As the Central Bank of the Republic of Turkey (TCMB) prepares to announce its next interest rate decision on September 11, US-based investment banking company Goldman Sachs has adjusted its forecast. The bank now expects a 200 basis point cut, down from its previous 350 basis point projection, citing stronger-than-anticipated economic growth and higher inflation, according to a report by Reuters.
Growth and inflation shift expectations
Turkey’s second quarter GDP growth of 4.8 percent year on year significantly exceeded forecasts, even amid weaker domestic demand. Meanwhile, August inflation data came in hotter than expected. These indicators suggest that the TCMB will pursue a smaller rate cut compared to its previous monetary policy meeting.
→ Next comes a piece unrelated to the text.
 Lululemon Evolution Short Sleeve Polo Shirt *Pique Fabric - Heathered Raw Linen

In addition, US-based finance corporation JPMorgan also forecasts a policy rate cut of 200 basis points, compared to the previously anticipated 300 basis points.
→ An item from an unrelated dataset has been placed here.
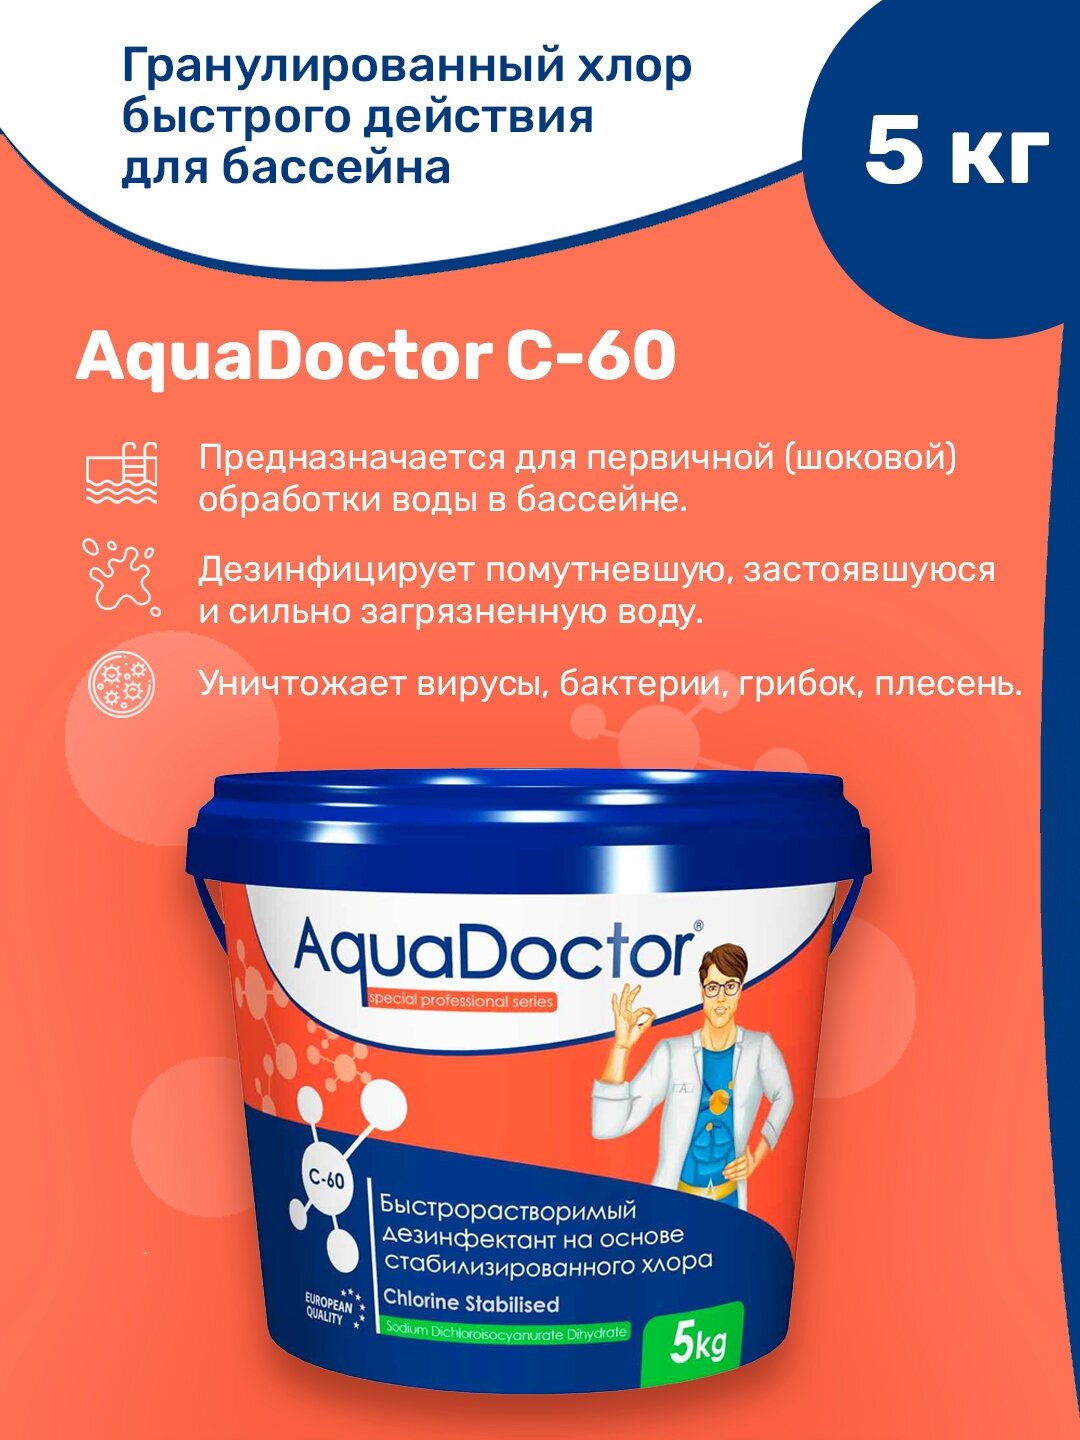 Химия для бассейна AquaDoctor Хлор 5кг ведро (гранулы) AQ1550

Meanwhile, Dutch-headquartered international bank ING has stated that Turkey’s second quarter GDP data reflected a notable pick-up in annual growth - even amid tightening financial conditions and in addition to base effects. Contrary to expectations, the economy also gained momentum on a quarterly basis. “This stronger-than-expected performance may prompt the central bank to adopt a more cautious approach to interest rate cuts,” ING noted. Given the resilience in domestic demand, ING has raised its full-year GDP growth forecast for 2025 to 3.3 percent, up from the previous estimate of 2.7 percent.